* DATA BELOW
=== Section Start ===

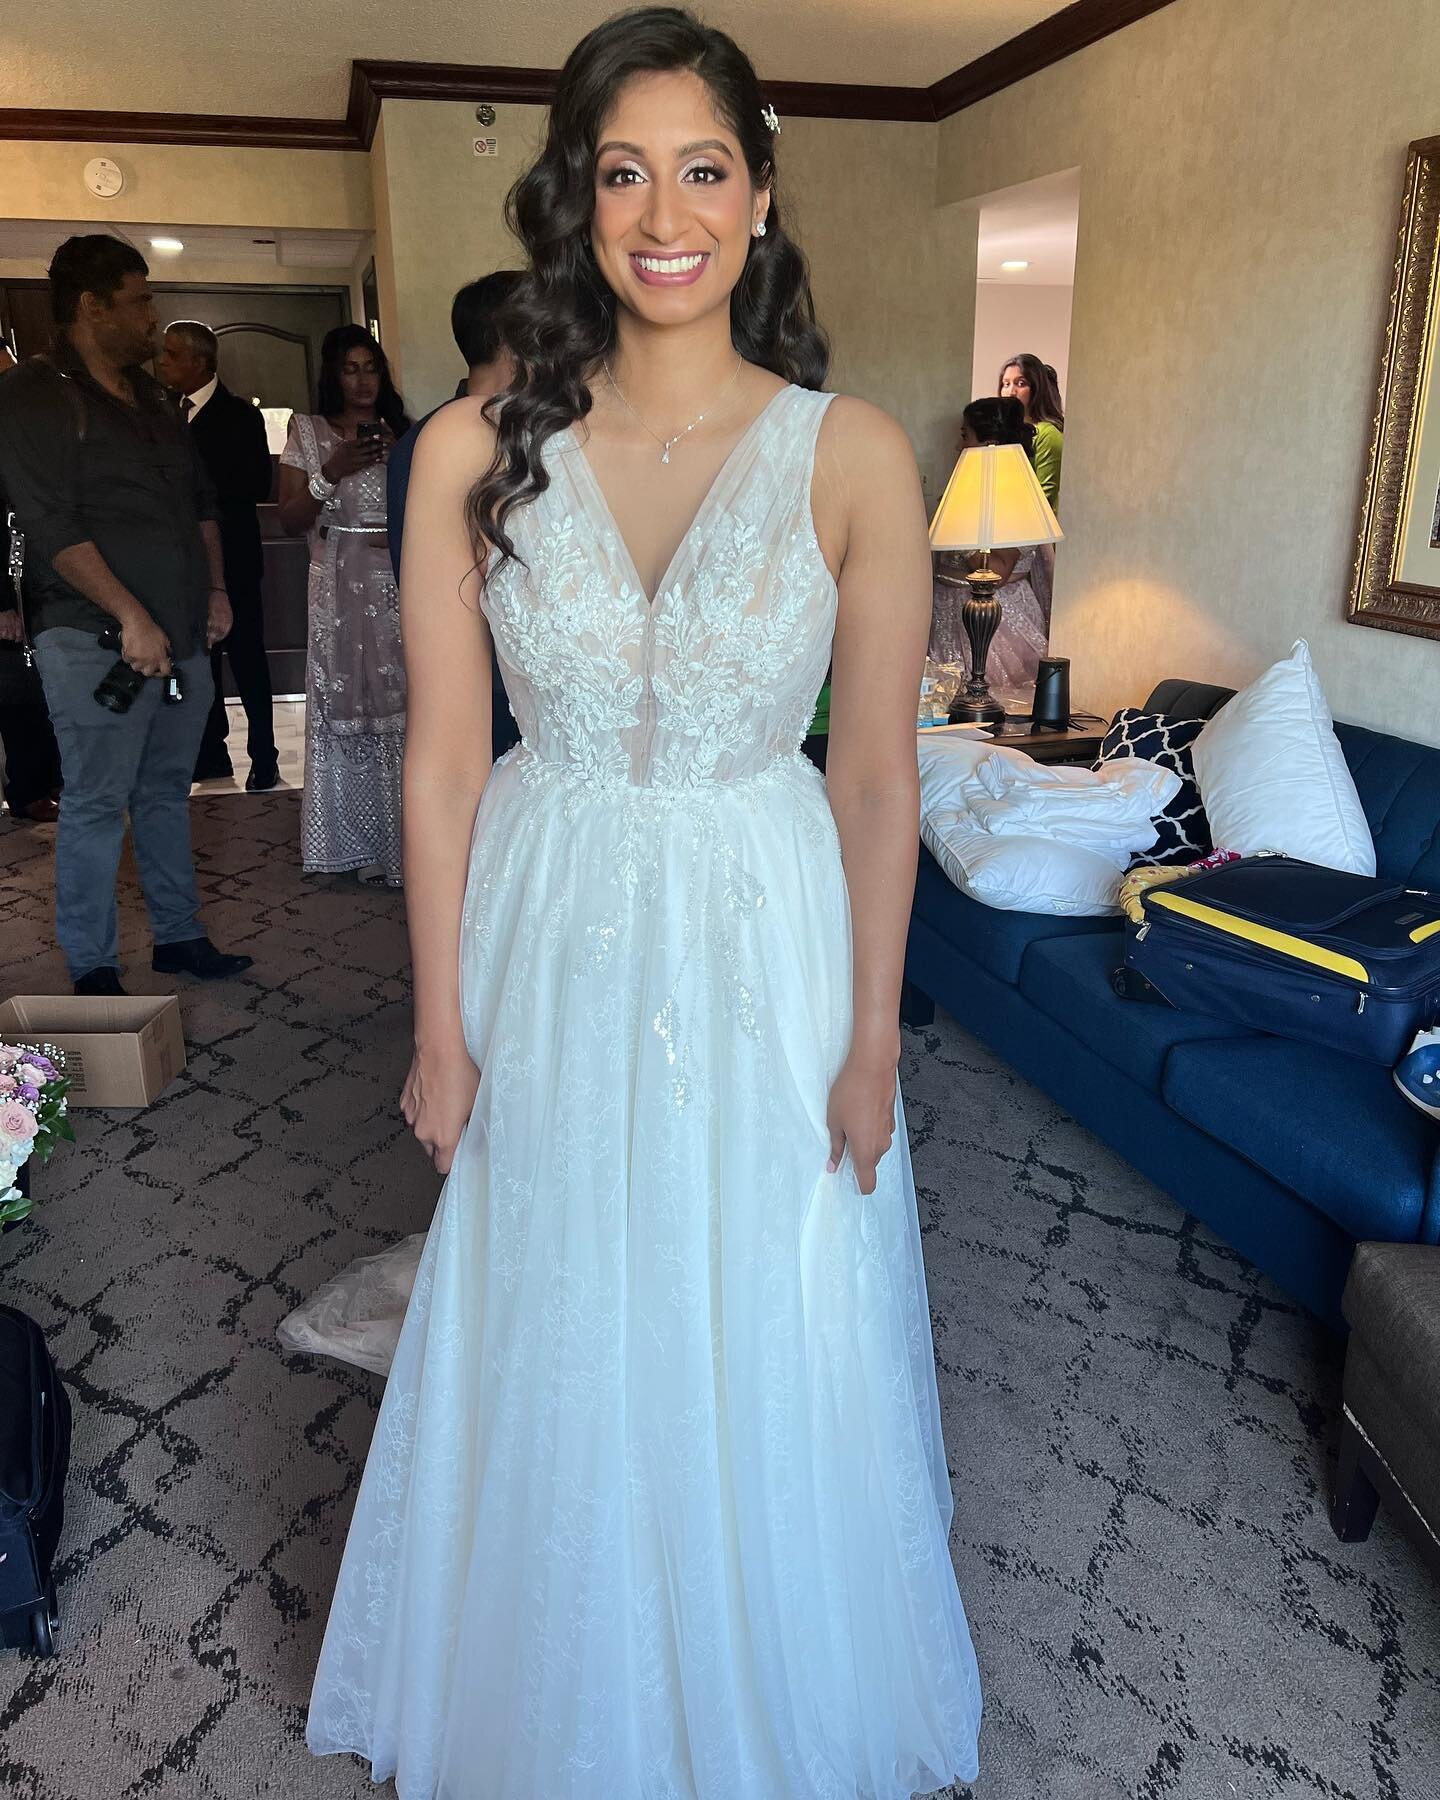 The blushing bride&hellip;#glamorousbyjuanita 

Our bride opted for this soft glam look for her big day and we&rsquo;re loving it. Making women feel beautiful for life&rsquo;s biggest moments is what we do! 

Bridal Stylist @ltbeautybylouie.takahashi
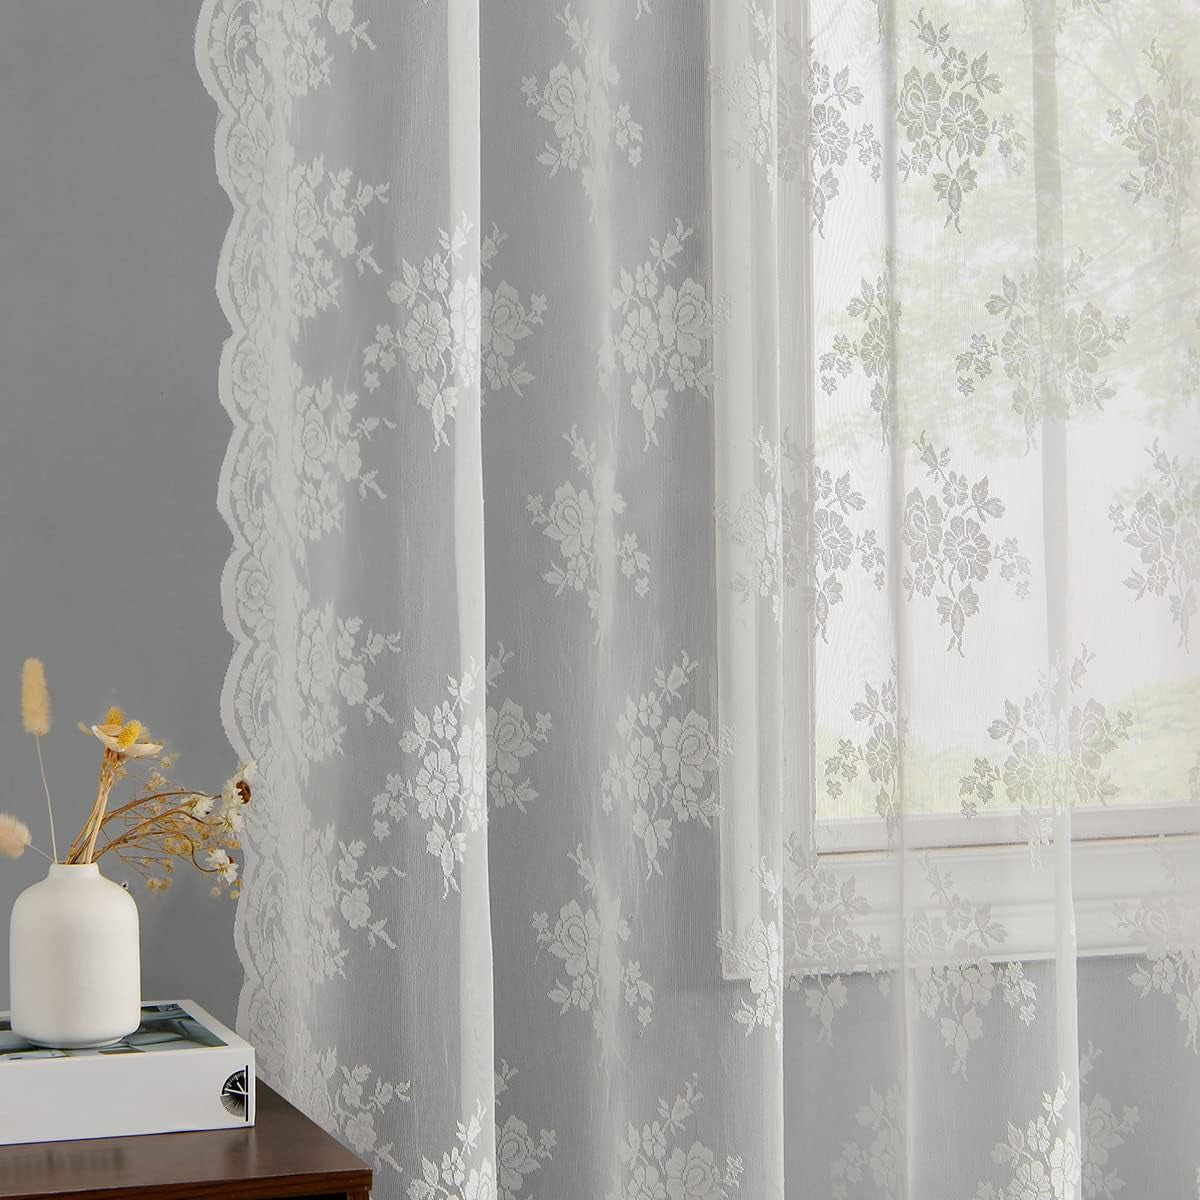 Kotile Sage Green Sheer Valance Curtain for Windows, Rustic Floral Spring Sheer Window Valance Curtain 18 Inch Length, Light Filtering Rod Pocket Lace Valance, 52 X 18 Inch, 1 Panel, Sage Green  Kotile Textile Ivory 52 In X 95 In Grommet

=== Section End ===

* INSTRUCTIONS TO FOLLOW
The full listing must come back exactly as written, with its pictures left out.

* SOLUTION TO THIS EXERCISE
 The blushing bride&hellip;#glamorousbyjuanita 

Our bride opted for this soft glam look for her big day and we&rsquo;re loving it. Making women feel beautiful for life&rsquo;s biggest moments is what we do! 

Bridal Stylist @ltbeautybylouie.takahashi
 Kotile Sage Green Sheer Valance Curtain for Windows, Rustic Floral Spring Sheer Window Valance Curtain 18 Inch Length, Light Filtering Rod Pocket Lace Valance, 52 X 18 Inch, 1 Panel, Sage Green  Kotile Textile Ivory 52 In X 95 In Grommet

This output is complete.